The place where you cut the wire acts as a temporary Capacitor where a huge potential difference is formed. This potential difference causes an intense electric field to develop, which is where the energy is initially stored. If the potential difference developed exceeds the dielectric breakdown voltage of the intervening medium, the charges are lost as a spark discharge which dissipates energy as EM waves and heat.
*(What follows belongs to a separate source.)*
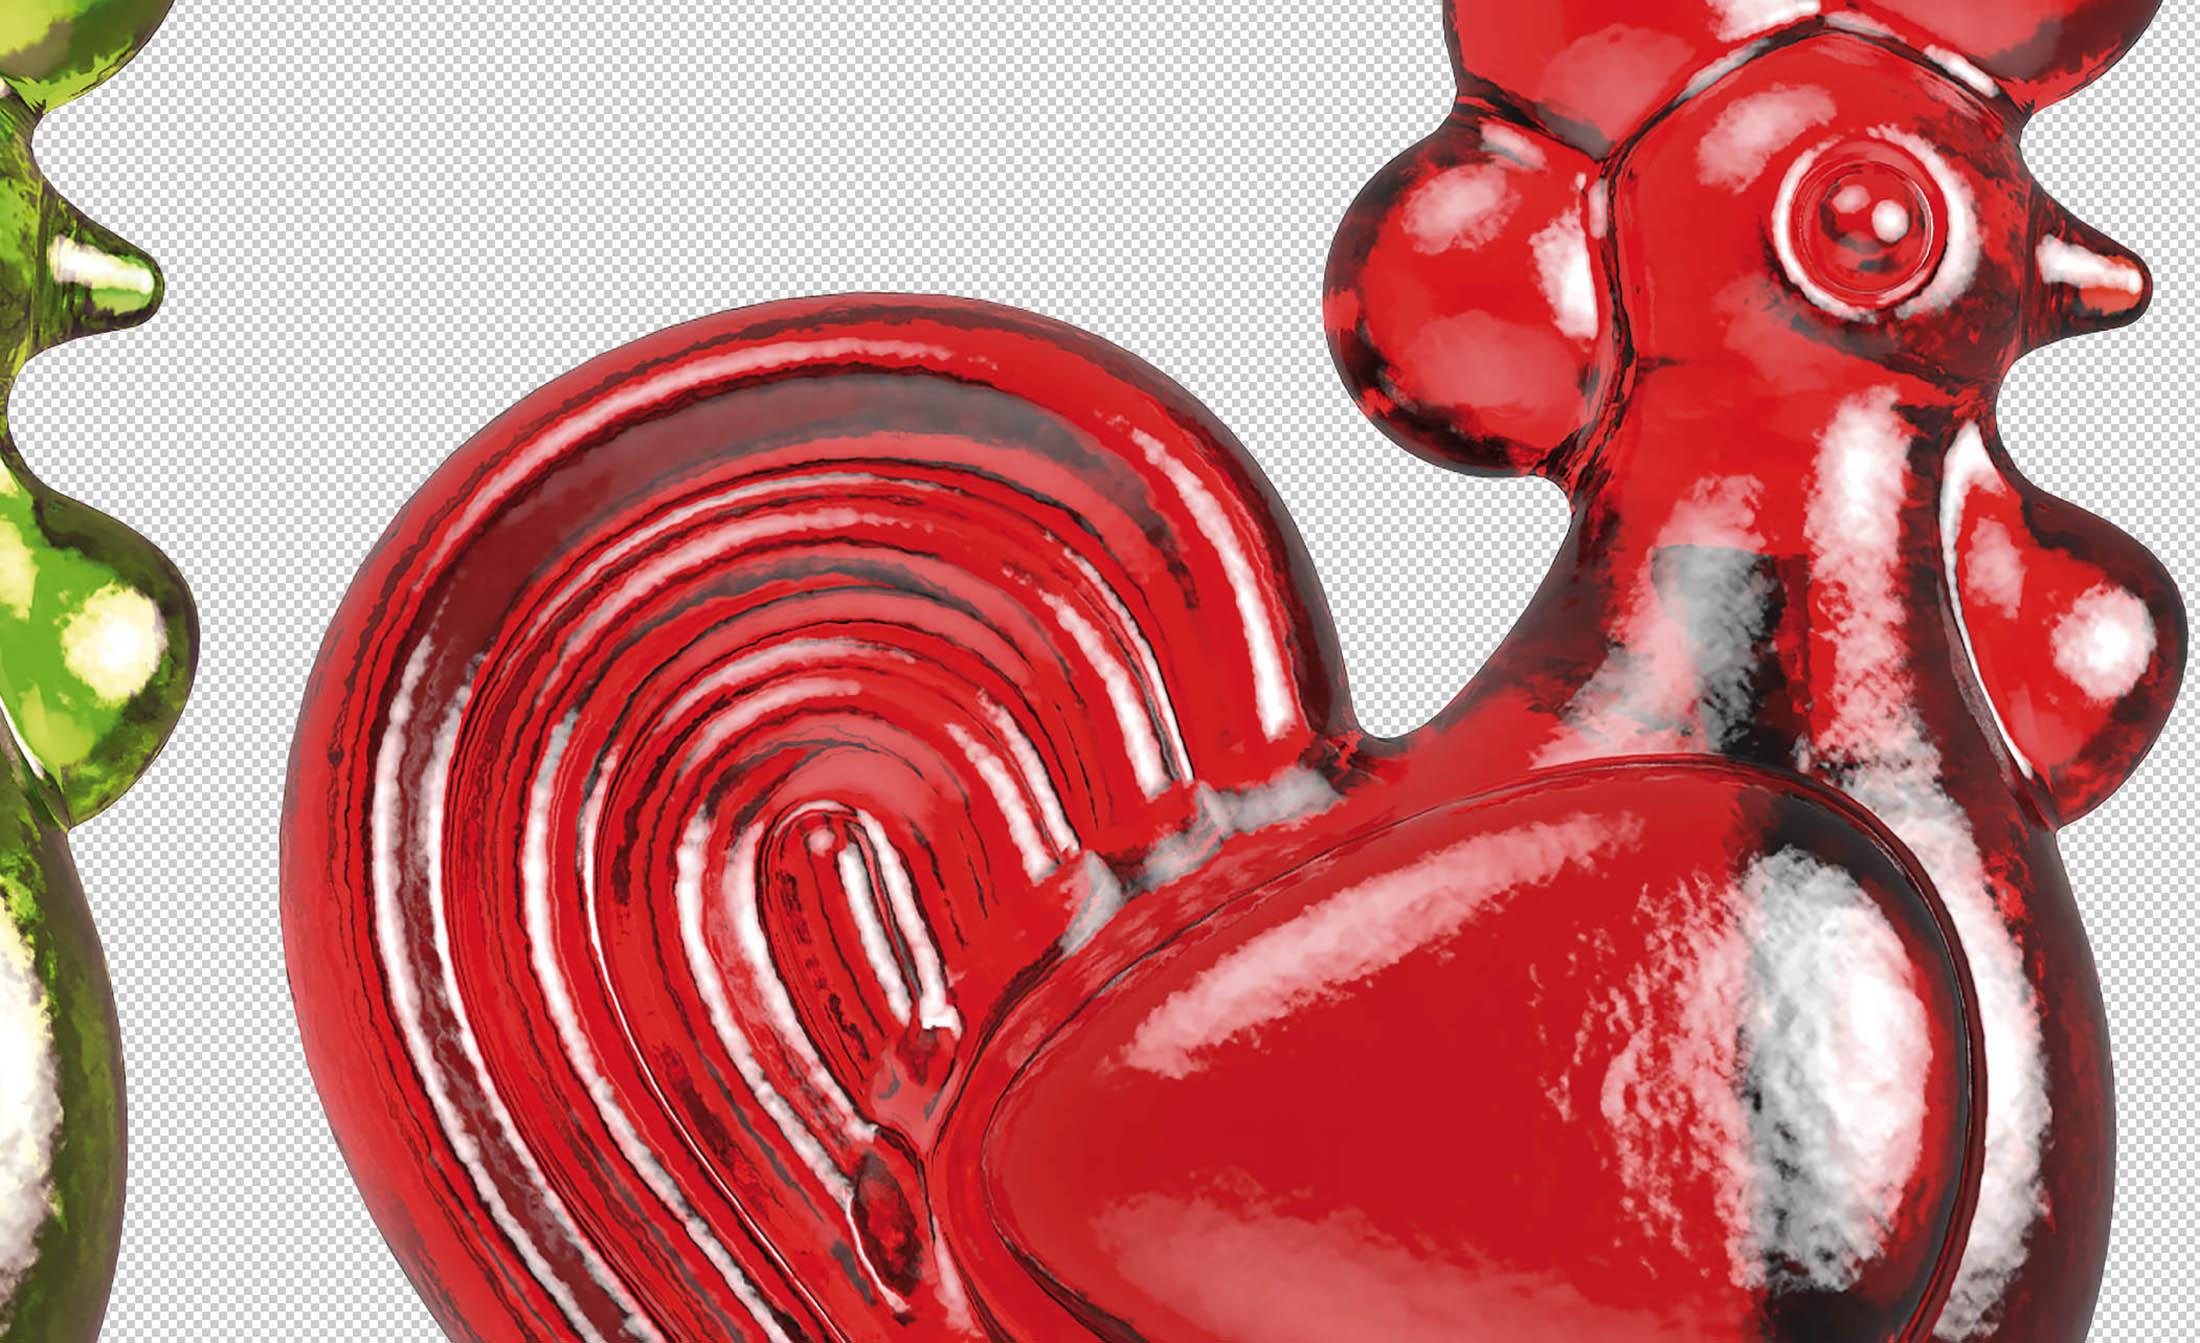 Cockerel candy example image 3

But usually the current is never cut down this abruptly, providing enough time for the energy to dissipate as the normal safe resistive heating. If not, then the energy will be lost by the aforementioned discharge which is very intense and might damage the equipment under consideration. Hence the use of a parallel capacitor with a large inductor, which allows slow dissipation of energy as LC oscillations (EM waves) and normal resistive heating.

EDIT
The said capacitance ceases to exist only if a spark discharge dissipates the gathered charge or, the instantaneous back emf is slowly reduced by resistive heating (the circuit is not cut-off). (i.e. if we assume the cessation of current occurred instantaneously, the developed field would exceed the breakdown field leading to a spark, or if we assume that the change is slow enough so that no spark is developed, then the finite time it takes for the current to die down, the resistances of the circuit would dissipate the energy in that time). The sudden stopping of the current is only an ideal occurrence and does not occur in practice.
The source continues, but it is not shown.